Loin d’être un simple protocole, cette rencontre affirme la « volonté constante » d’Emmanuel Macron de cultiver des liens étroits avec le Saint-Siège, comme en témoignent sa présence aux funérailles de l’ancien pape François ainsi que celle de François Bayrou à la messe d’intronisation de Léon XIV. Pour le Vatican, la France demeure la « fille aînée de l’Église », terre d’une « grande spiritualité française » dont les présidents font souvent l’éloge en offrant des ouvrages de Bernanos. Mikael Corre souligne l’intérêt marqué du pape pour les baptêmes d’adultes qui se multiplient dans l’Hexagone, lui qui a personnellement rencontré des catéchumènes à Monaco récemment. Cette vitalité ecclésiale, dans un pays marqué par la sécularisation, fait de la France un modèle aux yeux de Rome.

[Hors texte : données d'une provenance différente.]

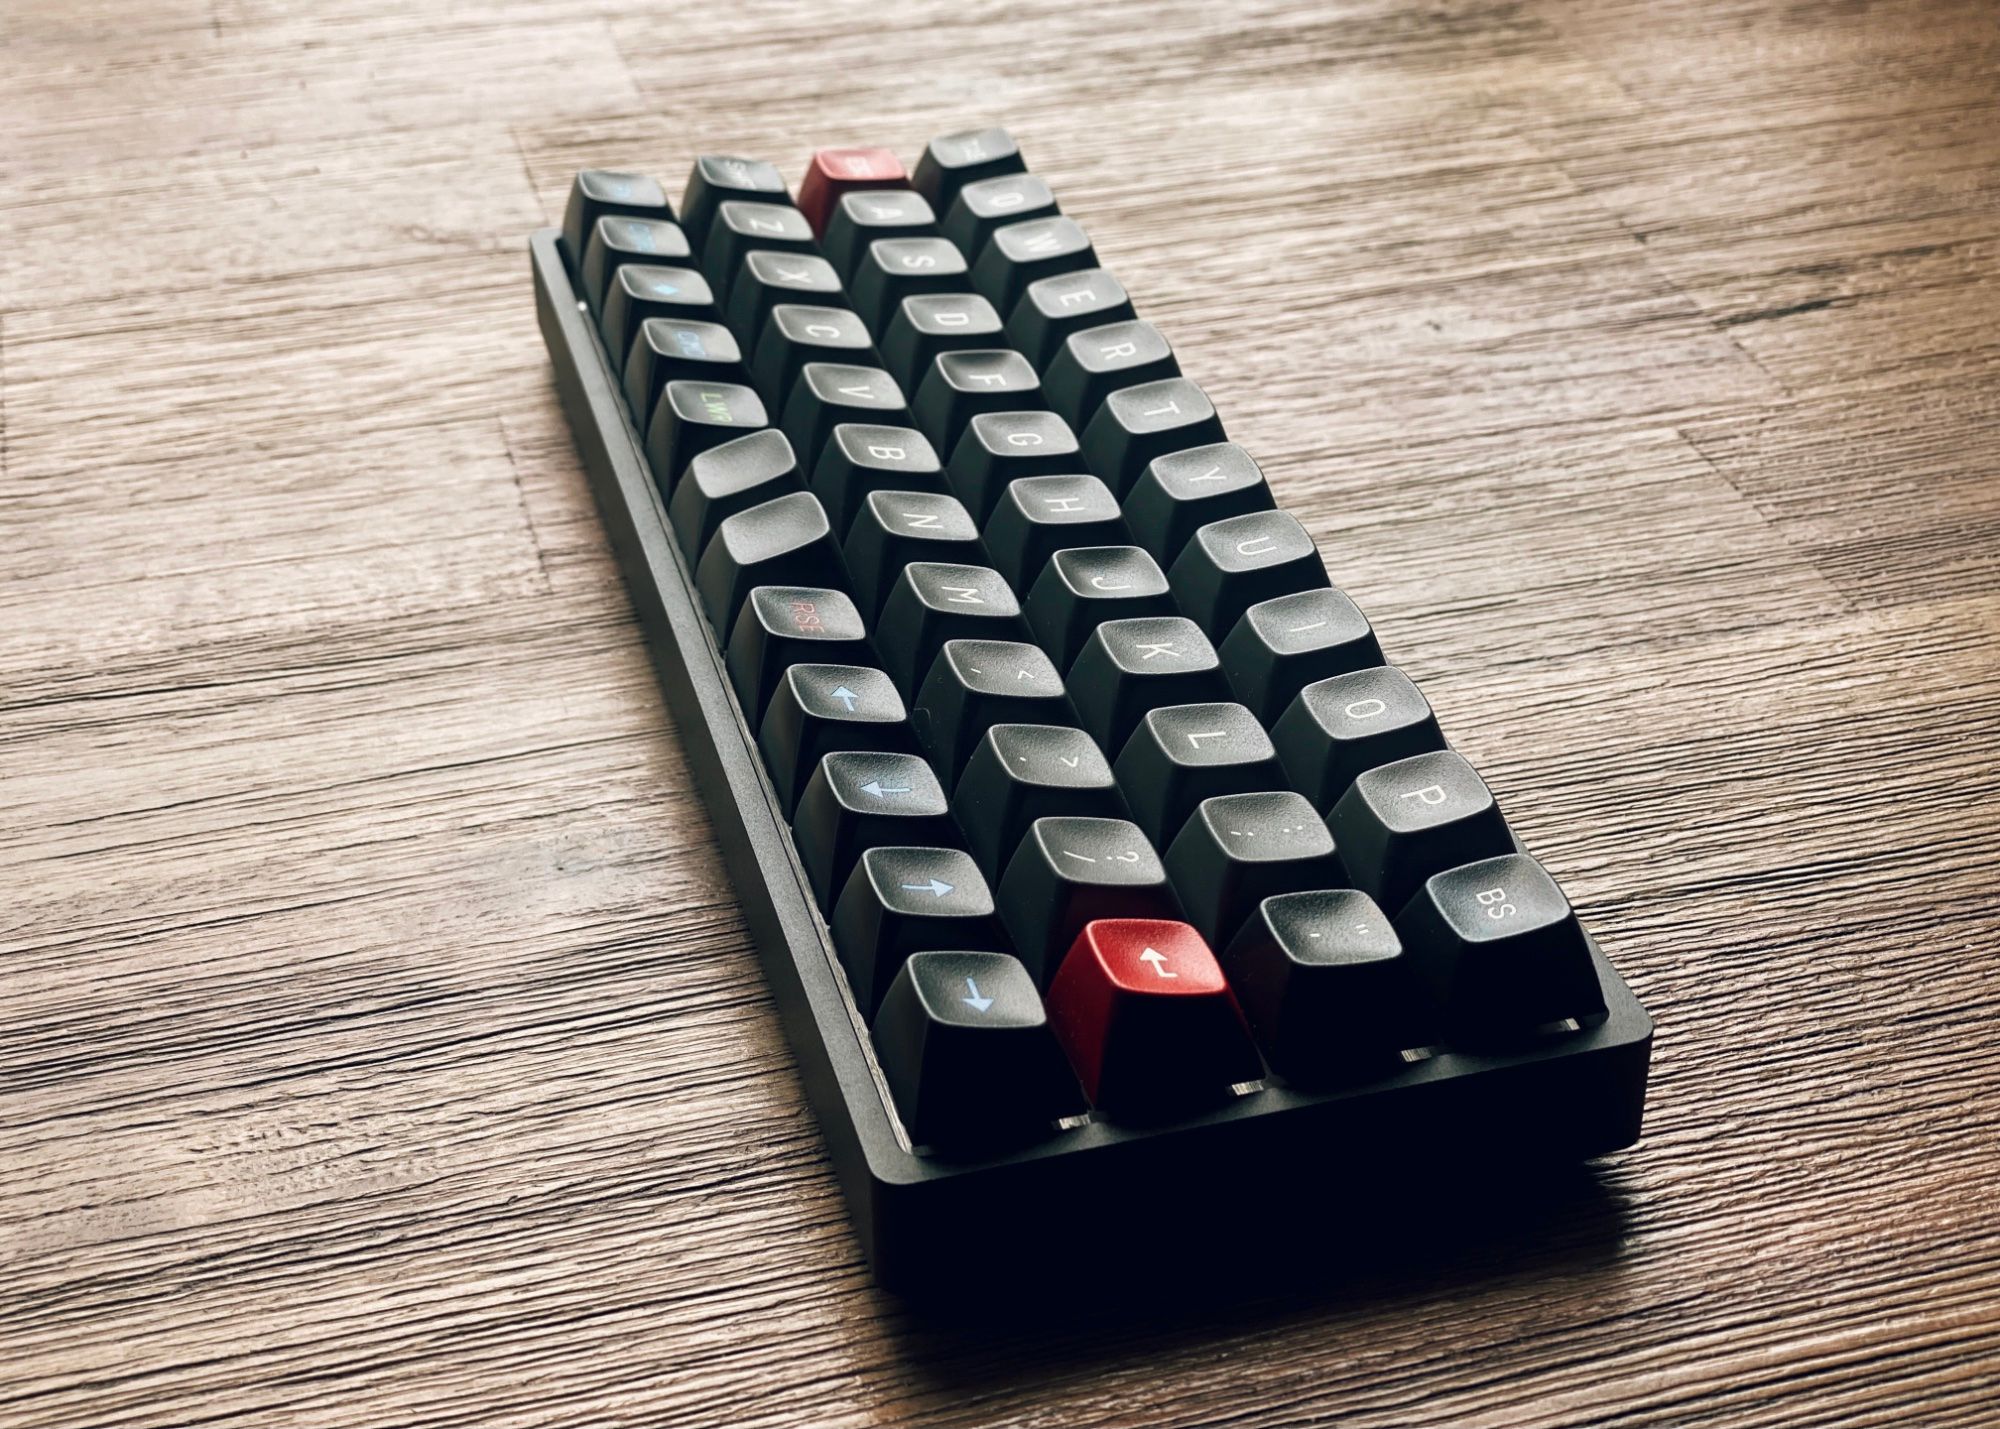 Planck Keyboard with Susuwatari keycaps

Au menu des échanges figurent avant tout les grandes crises internationales, l’Élysée saluant explicitement « le rôle essentiel du Saint-Siège » et « l’engagement personnel du Saint-Père en faveur de la paix, du dialogue et de la solidarité entre les peuples », avec une attention particulière portée aux chrétiens d’Orient et au Moyen-Orient où Léon XIV a lancé un appel solennel à Donald Trump lors du mardi saint, déclarant que « Dieu n’entend pas les prières de ceux qui ont du sang sur les mains » et ceux qui font la guerre. Le cas de l’Algérie, à l’approche du voyage papal, sera aussi évoqué en lien avec la situation du journaliste Christophe Gleizes emprisonné, tandis que des divergences subsistent entre le multilatéralisme pacifiste défendu par le pape dans son discours de janvier et la vision française de la défense européenne incluant le parapluie nucléaire.

Sur les questions bioéthiques cette fois, notamment autour de la fin de vie, ce sujet cristallise des divergences profondes entre Paris et Rome. Mais Mikael Corre anticipe une approche mesurée de la part de Léon XIV : « Être ferme, c’est être maître de soi. Il rappellera les fondamentaux sans hurler », inspirée de sa vision chicagoane de la     « tunique du Christ ». Cette image biblique de la tunique sans couture qui symbolise la défense ininterrompue de la vie humaine du début à la fin, refusant à la fois l’avortement et l’euthanasie tout en dénonçant la pauvreté extrême et l’oppression des migrants, comme il l’a exprimé à Monaco dans des termes diplomatiques et peu offensifs.

Regain d’espérance pour le catholicisme français

Cette rencontre pascale redonne un souffle d’espérance aux catholiques français face à une sécularisation croissante. Léon XIV ayant multiplié les gestes attentionnés dès son élection à travers des lettres adressées aux fidèles et au clergé français et considérant la France comme un « élément stabilisateur » dans un monde bousculé par le trumpisme. Emmanuel Macron devrait formellement inviter le pape pour un « vrai voyage » dans plusieurs villes françaises après 2027. 

Dans son ouvrage Géopolitique d’un conclave à paraître le 15 avril chez Bayard, Mikael Corre raconte les 18 jours de « vacances du pouvoir » entre la mort de François et l’élection du 8 mai 2025, expliquant le choix d’un pape américain « le moins américain des cardinaux » comme un « choix politique au sens noble » pour unir une Église confrontée aux fractures du monde, à l’image de Jean-Paul II élu en pleine guerre froide.